The Court found that the Tarion Addendum prescribes deadlines and disclosure obligations, but does not prohibit parties from contractually allocating damages consequences if those deadlines are breached.
- Freedom of Contract Prevails
The Court reiterated that parties are generally free to allocate commercial risk as they see fit. A poor economic outcome for one side does not justify judicial rewriting of a negotiated contract.
Key Takeaways for Transactional Lawyers
For Developers and Builder-Vendors
- Properly Drafted Limitation Clauses Can Be Enforced
Where clearly written and integrated into the APS, limitation clauses may cap liability even in breach scenarios.
- Legal Representation Strengthens Enforceability
Where purchasers are represented by counsel, arguments based on unfair surprise become substantially weaker.
- Maintain Internal Consistency
Ensure limitation clauses are harmonized with deposit refund, interest, Tarion, and default provisions elsewhere in the APS.
For Purchasers and Purchaser Counsel
- These Clauses Have Real Consequences
A deposit-return remedy may eliminate claims for market appreciation losses, carrying costs, financing losses or consequential damages.
- Negotiate Carve-Outs Where Possible
Consider exceptions for bad faith conduct, intentional breach, fraud, misrepresentation or failure to comply with mandatory statutory obligations.
- Read Schedules and Appendices Carefully
Important risk-allocation clauses are often located outside the main body of the APS.

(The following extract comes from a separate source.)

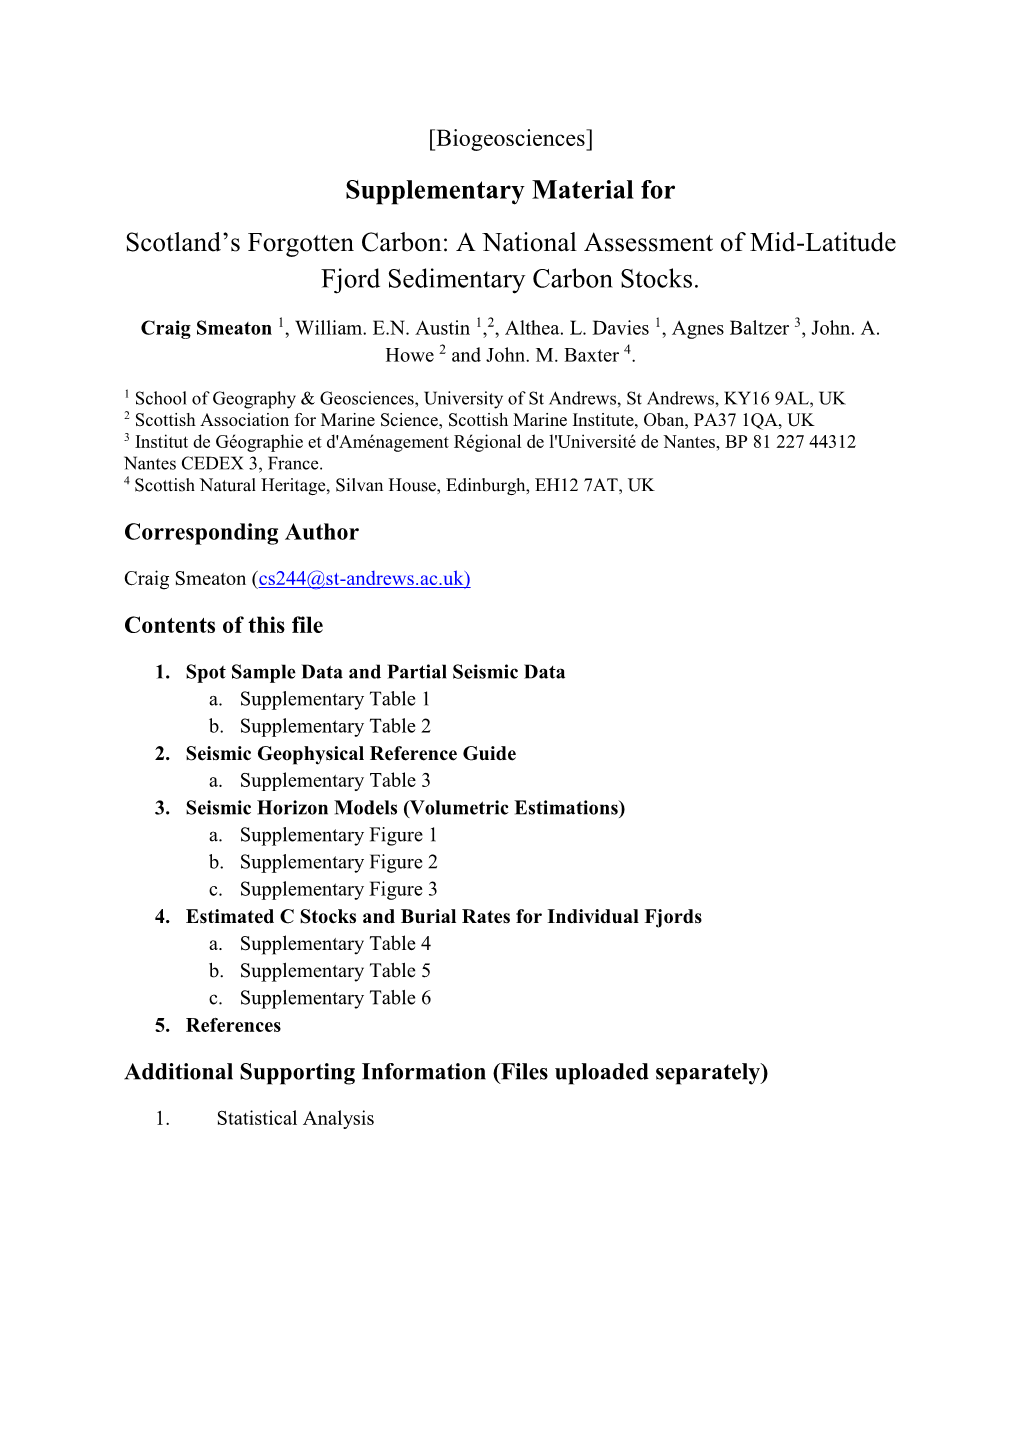 A National Assessment of Mid-Latitude Fjord Sedimentary Carbon Stocks
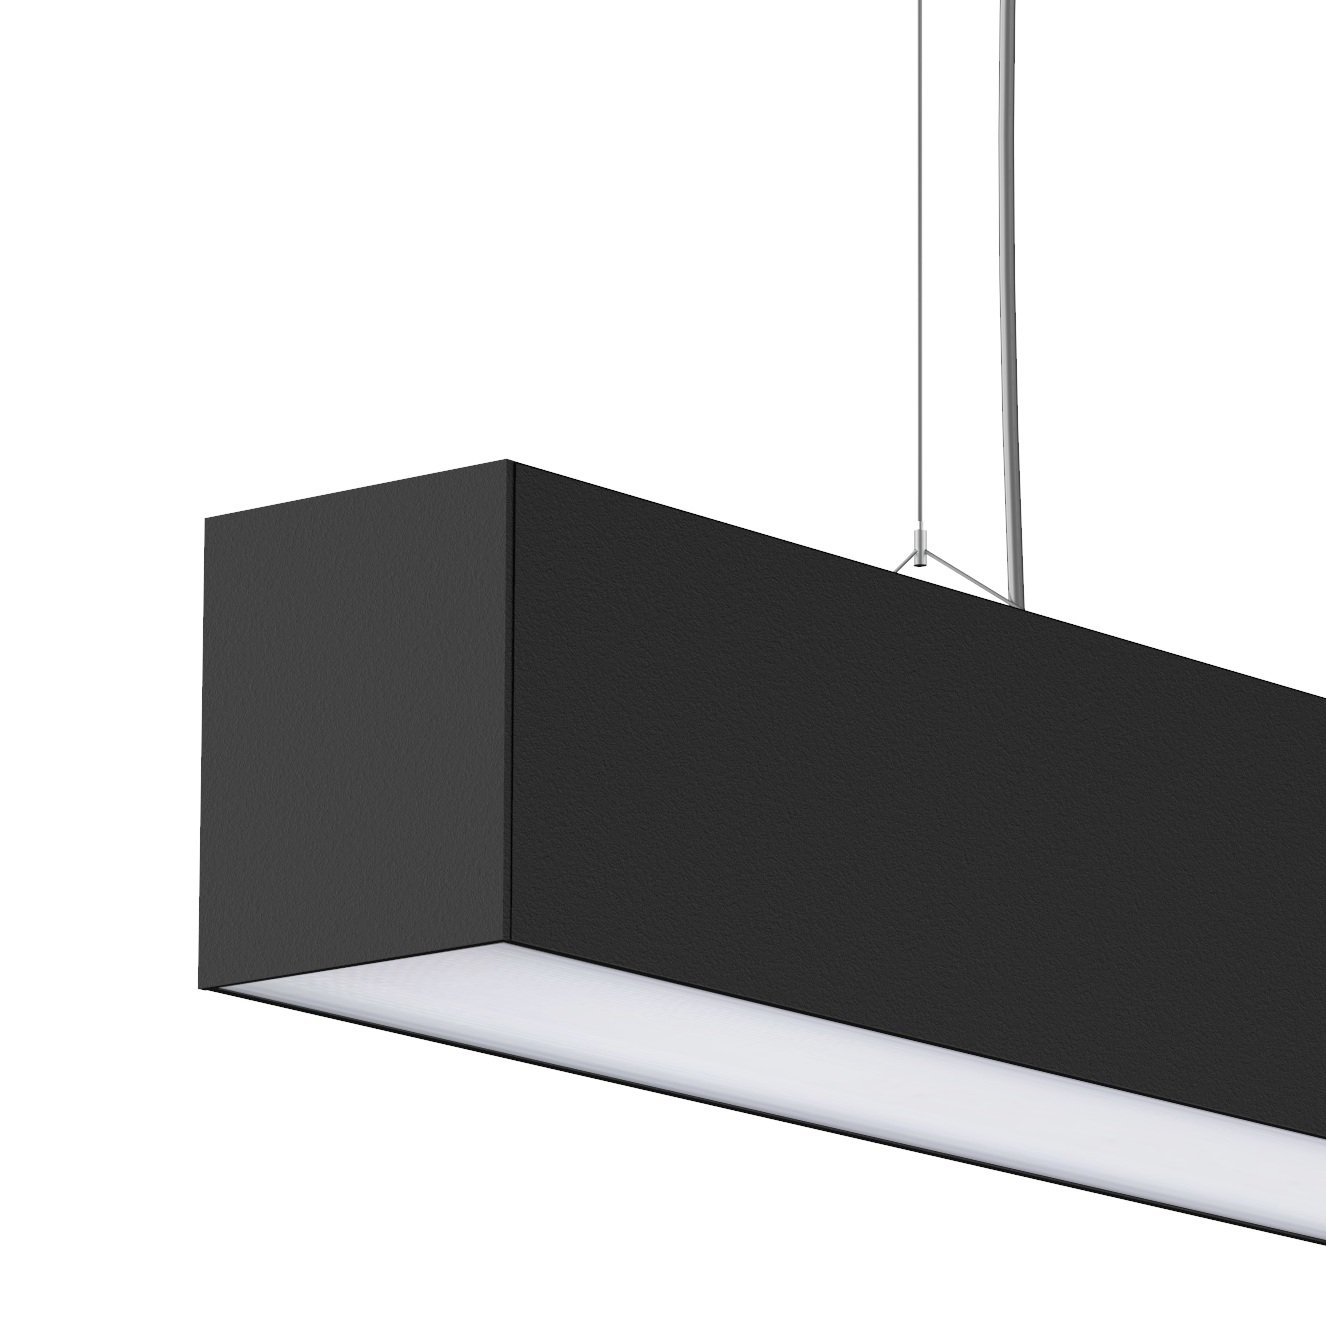 Suspended direct lighting products

Practical Drafting Recommendations
- Use plain and prominent language for liability caps;
- Cross-reference interest and refund provisions;
- Require acknowledgements of legal advice;
- Preserve statutory minimum rights;
- Consider tailored remedies rather than blanket exclusions.
Conclusion
Shiralian v. Wyldewood Creek Inc. confirms that Ontario courts will generally enforce negotiated limitation of liability clauses between sophisticated parties.
For transactional counsel, the lesson is clear: when the contract clearly allocates risk, courts are reluctant to disturb the bargain after the market changes.